_Task:_
Could you set down only the lines from the one including "Baukonzern-Aktien Hochtief, Skanska, Bilfinger" to the end of the records below, inclusive and exact, leaving pictures out?

** Exercise data follows **

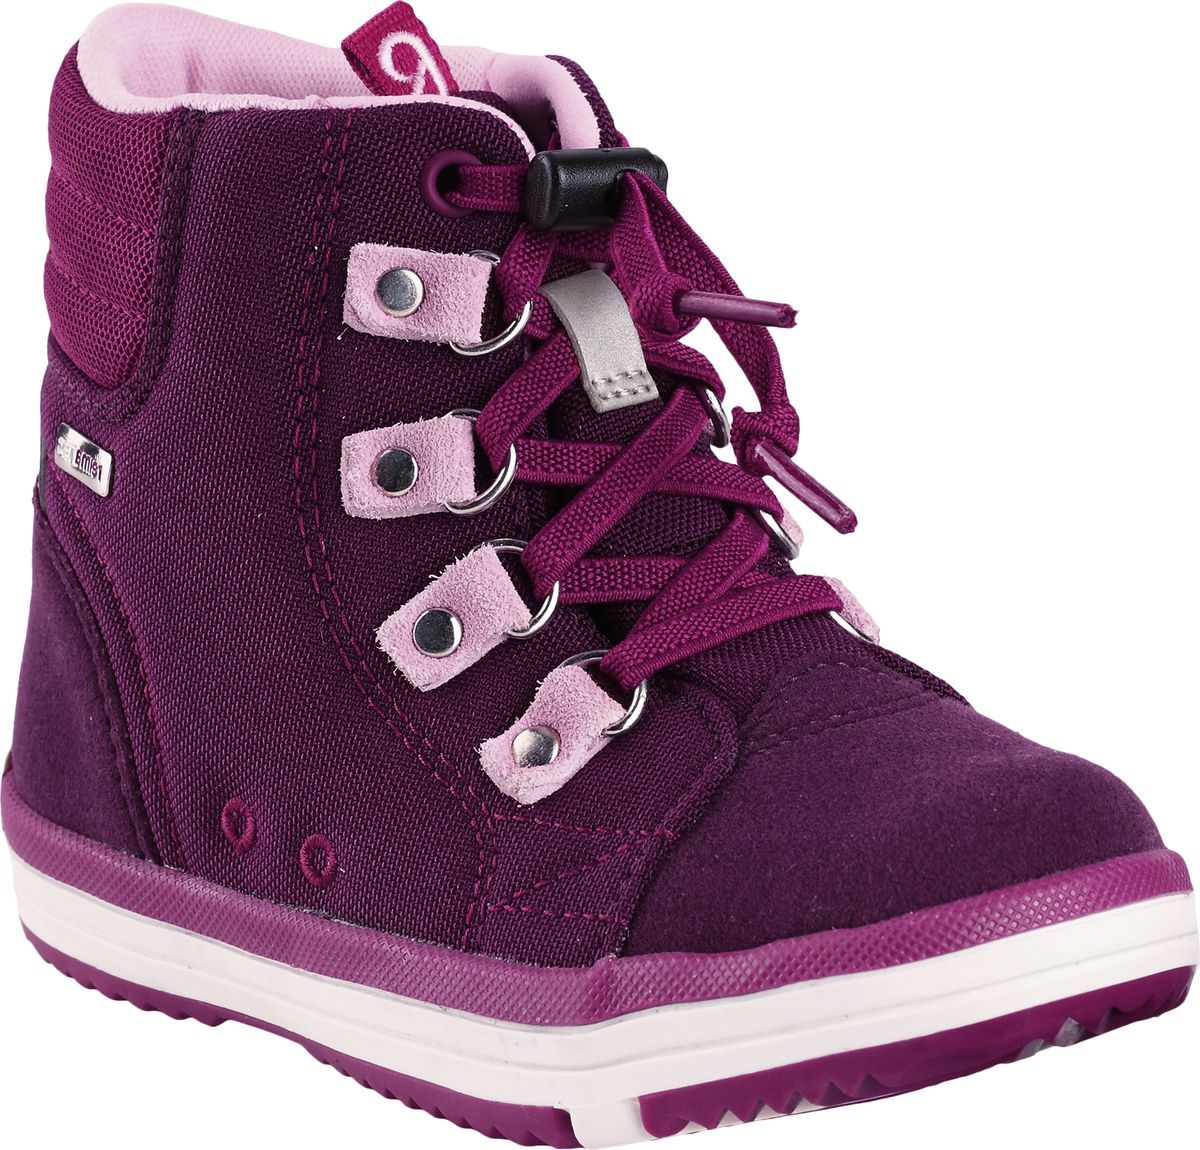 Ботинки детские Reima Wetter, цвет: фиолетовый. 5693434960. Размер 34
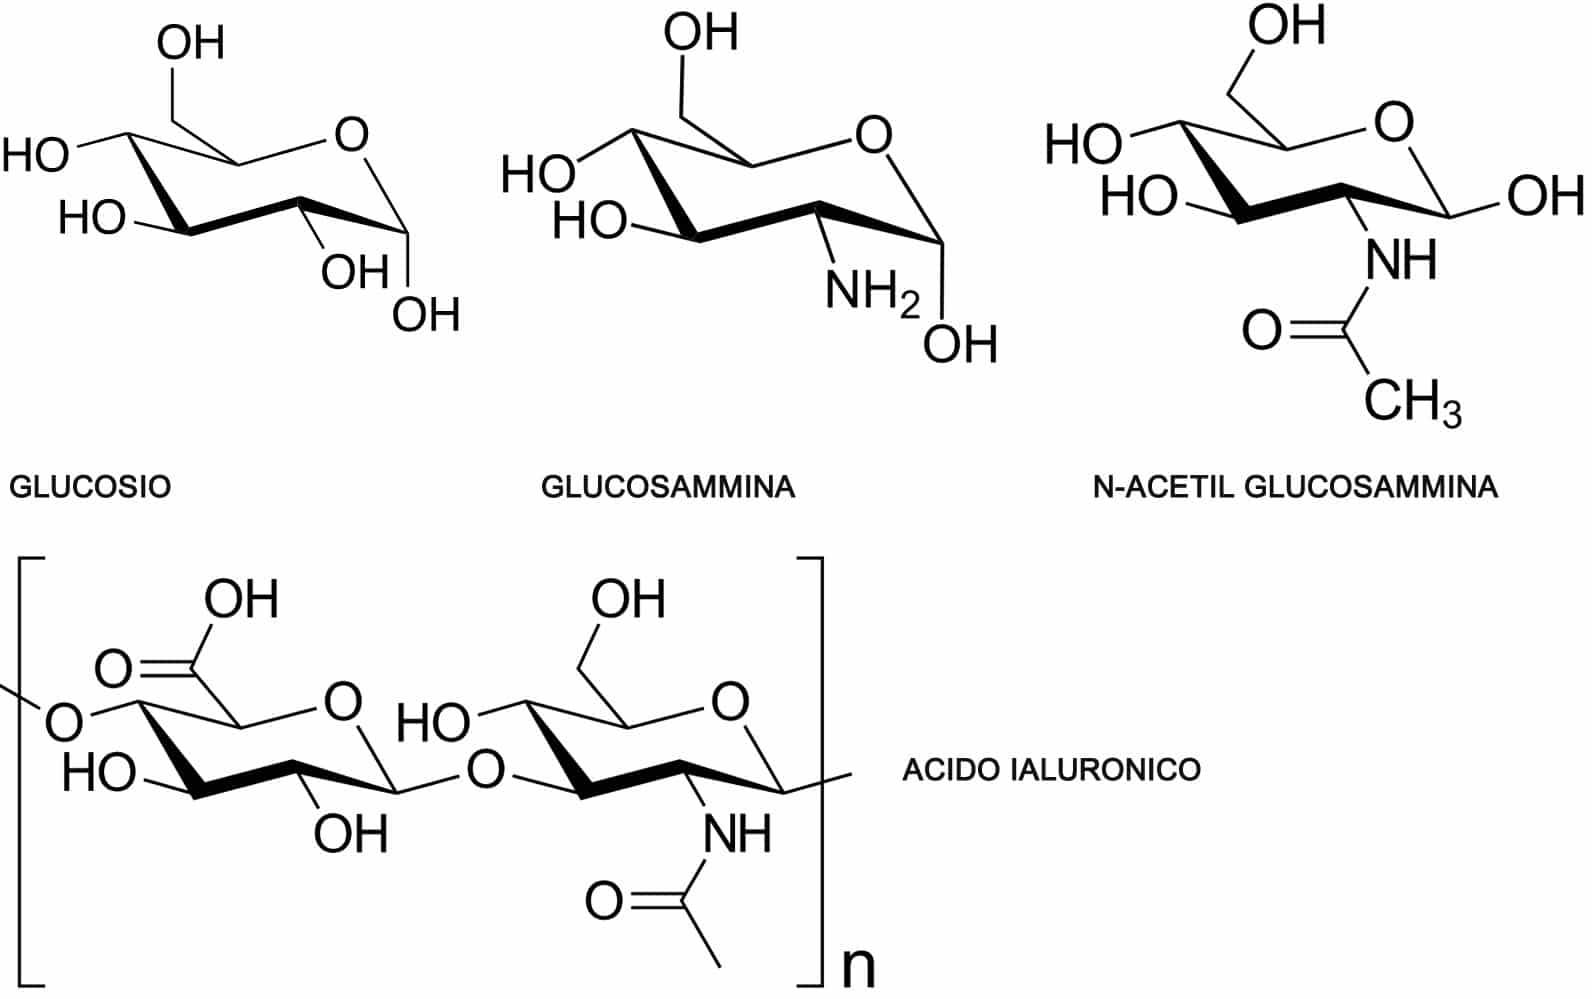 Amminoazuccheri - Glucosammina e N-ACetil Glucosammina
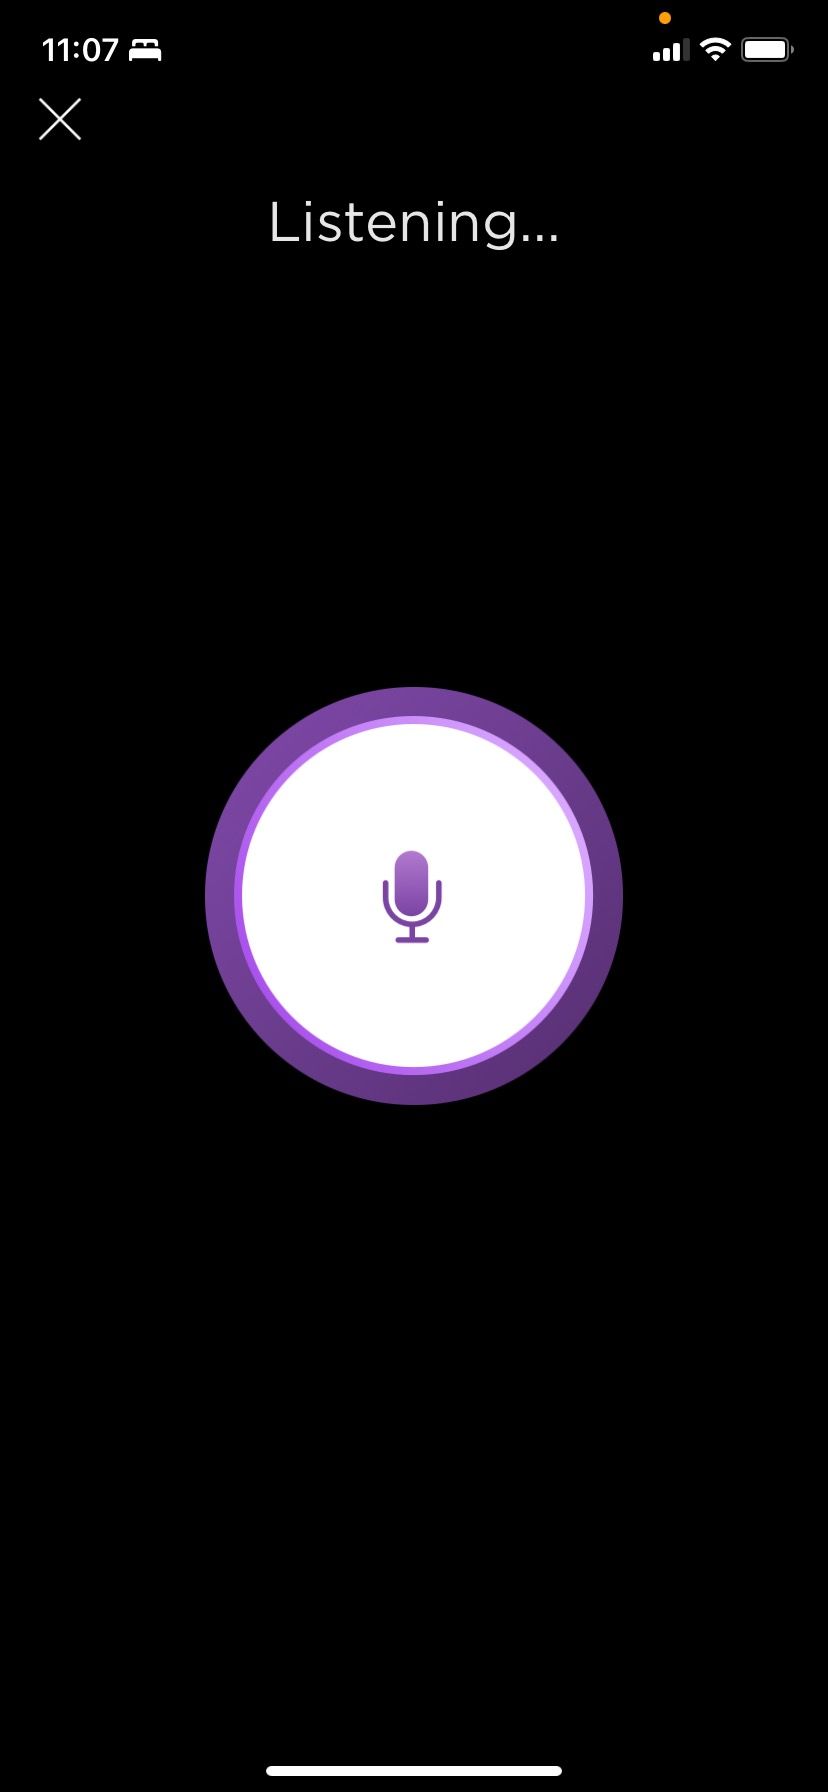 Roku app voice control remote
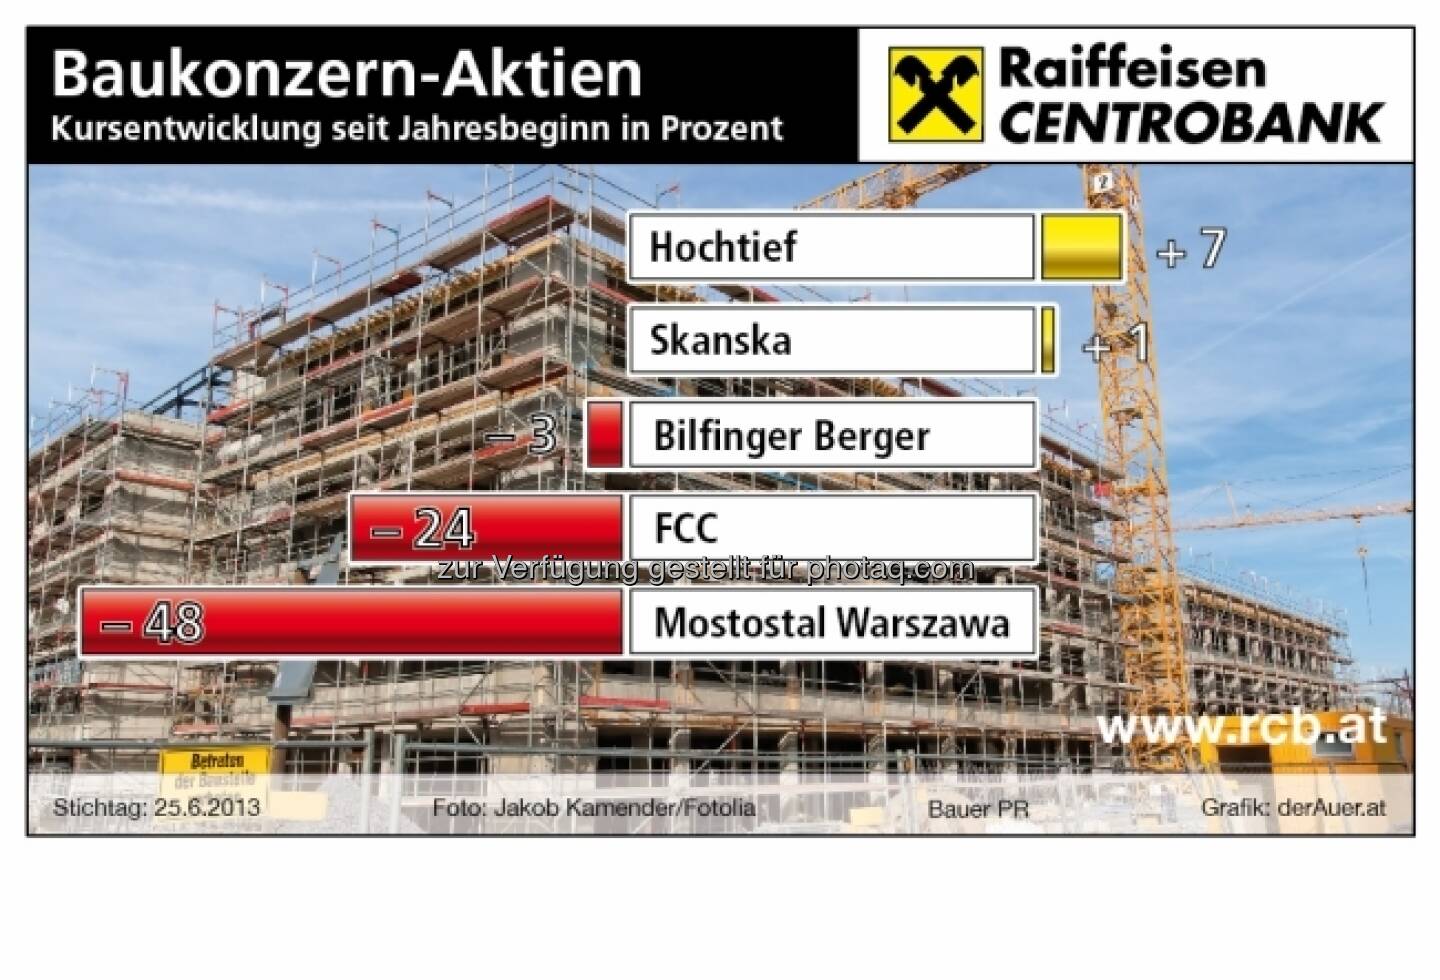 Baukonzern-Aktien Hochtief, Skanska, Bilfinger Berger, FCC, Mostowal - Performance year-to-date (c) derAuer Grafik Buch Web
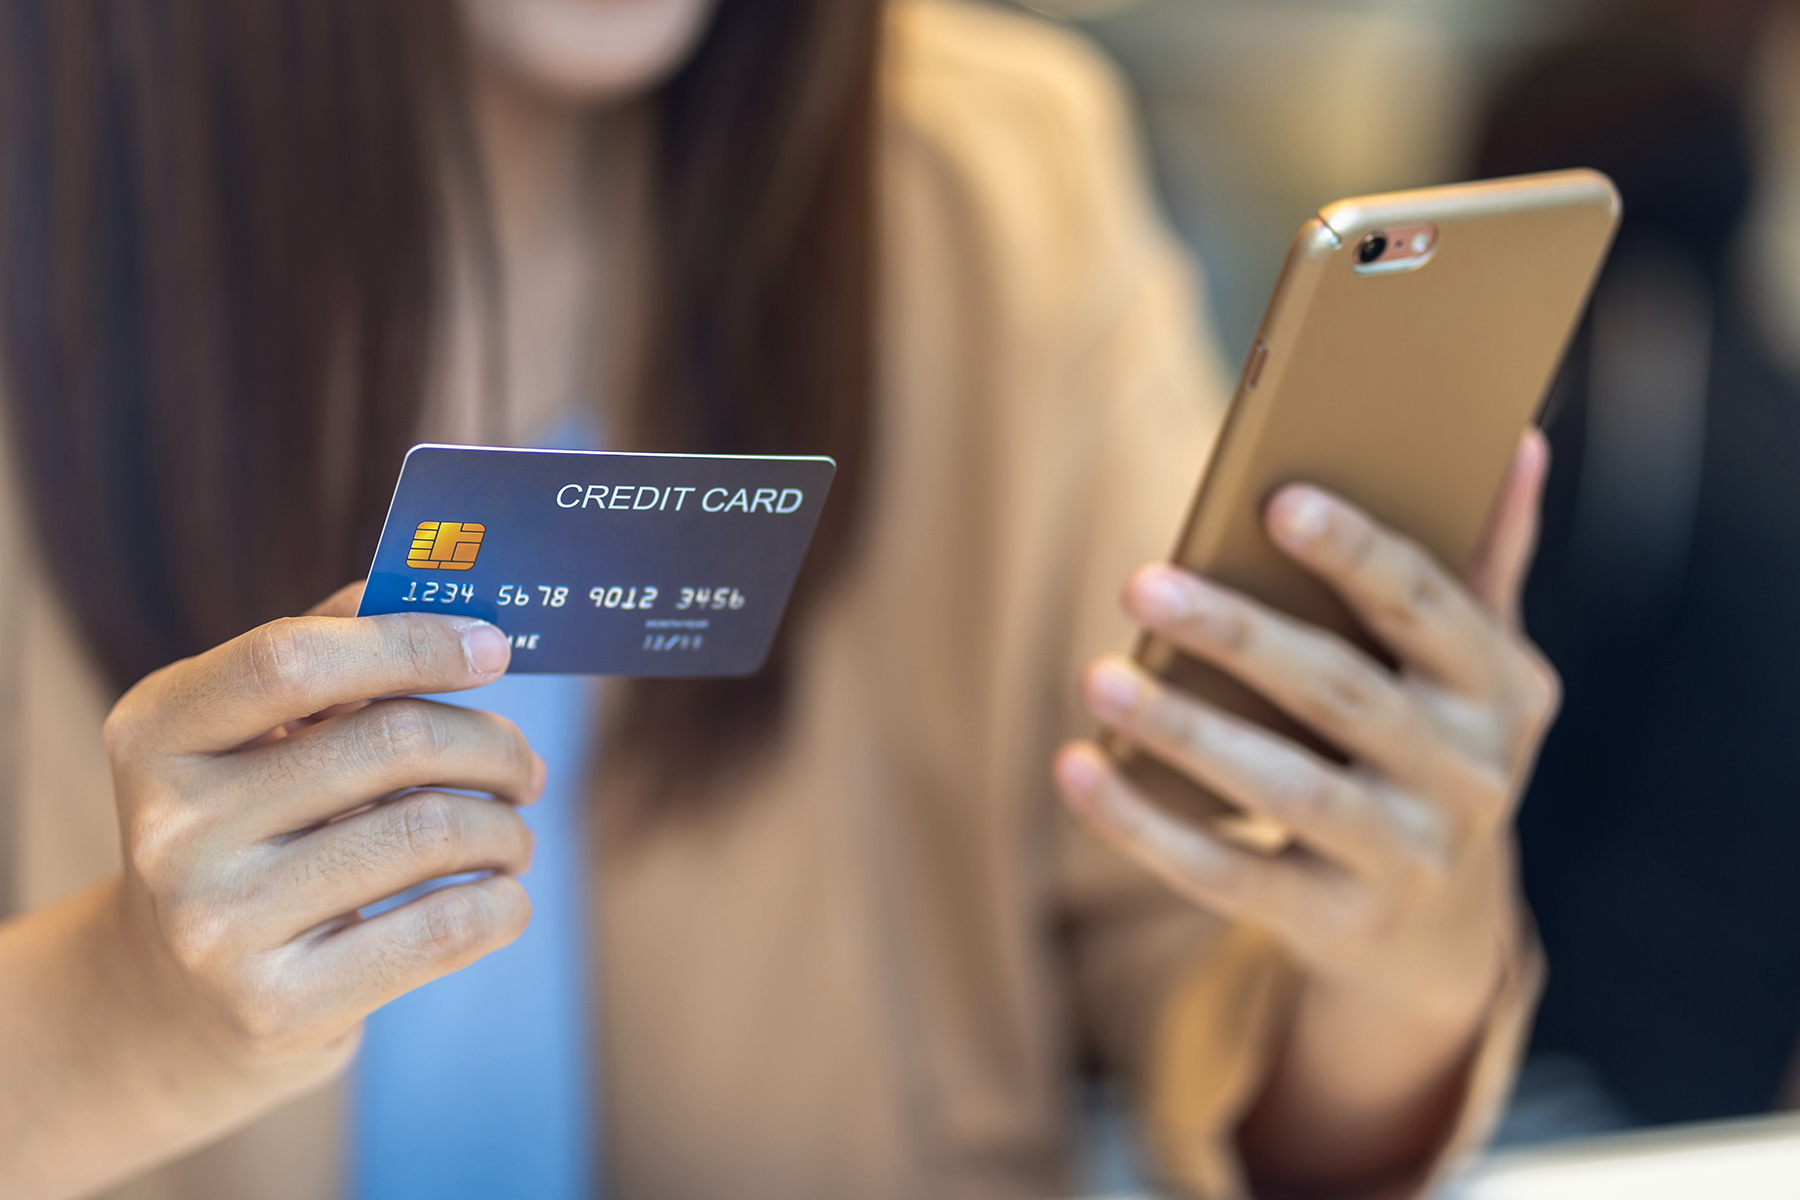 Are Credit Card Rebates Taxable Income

** End of Exercise data **

_Result of this exercise:_
 Baukonzern-Aktien Hochtief, Skanska, Bilfinger Berger, FCC, Mostowal - Performance year-to-date (c) derAuer Grafik Buch Web
 Are Credit Card Rebates Taxable Income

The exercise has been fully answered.